Be Completely Irritated

Frankly, I think the world would be better if people were a little more irritated.

Not with the mundane things. (The coffee is too hot, the office is too cold, the walk to work is too long, and the lunch break is too short…)

But with things that truly mattered.

Of course, you point out that people are plenty irritated already. Just turn on the news, and if you don’t see what people are mad about (in the physical act of carrying out their anger), you see what they are going to be mad about later.

But let’s think of it in another way first. To use an entirely cliched example, an oyster makes a pearl with a grain of sand because it irritates the oyster enough that the mollusk engulfs it in something that it can deal with and the rest of the world thinks is beautiful. (I mean, I guess you can use the same example with eye boogies, but, well. You know.)

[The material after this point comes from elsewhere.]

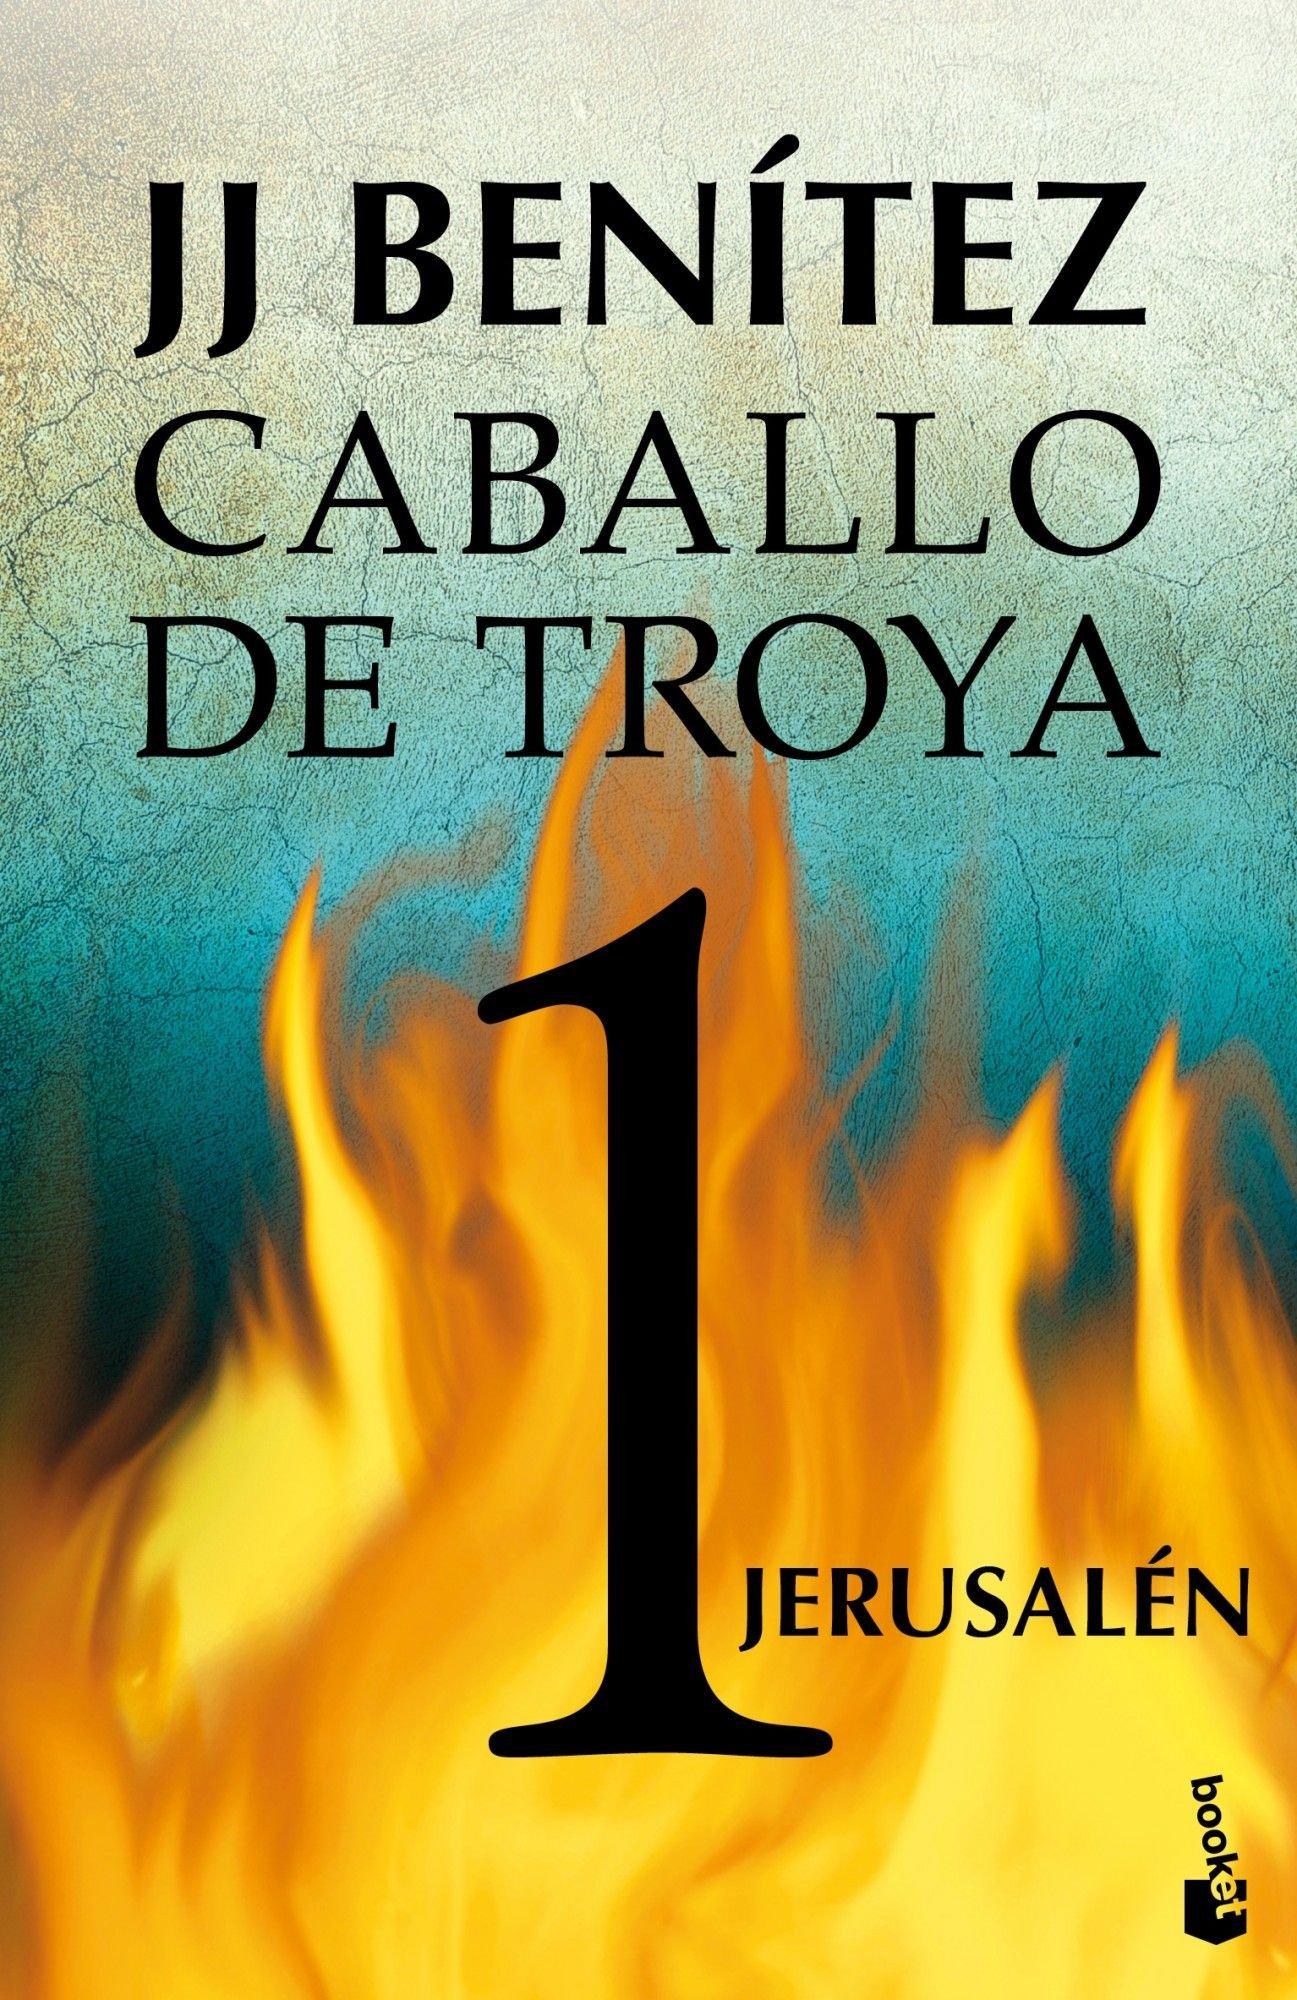 Jerusalén. Caballo de Troya 1 (Gran Formato) Tapa blanda – 10 ene 2013 J. J. Benítez Booket 8408042033 1002-WS1501-A03012-8408042033

Now, there is enough of a lesson in there for me to stop right now. Out of something harsh and annoying, oysters make something beautiful and precious. They are probably the most optimistic sea-dwelling creatures ever, and we should follow their lead. (This is also why oysters are about as cliched as butterflies in the self-help arena.)

But there is something else that you’re missing if you are just looking at the pearl in this cliche. Rather, the real lesson is that people need to become more irritated to make their own pearls in the first place, so to speak.

Often, we are angry over minor issues and complacent over major things. I mean, why is it that we may get angry about someone’s driving on our way to work but not the fact that we have an hour commute that stresses us out everyday? I understand picking your battles, but this is your life, isn’t it? Doesn’t that mean you get to choose what you do and where you work? Why not make the change if it will make you ultimately happier?

The problem is that not enough people let themselves get irritated. They just tell themselves that they will eventually get another job that has a closer commute. Or that if they play their music loud enough, they won’t even mind the hour drive. But really, they should be downright irritated. With themselves, with their life. So much so that they are motivated, like the oyster, to make a change.

And speaking of change, being irritated and pushing yourself to live the best life you can live by constantly striving for the best is hard. In fact, if it is easy, you’re probably doing it wrong.

But don’t be afraid to get a little irritated. It just means that you want change and that you are passionate about getting it. You don’t have to see the whole process; you just need a plan to rid yourself of complacency. Just ask the oyster. If he or she left the grain of sand alone, we wouldn’t have pearls.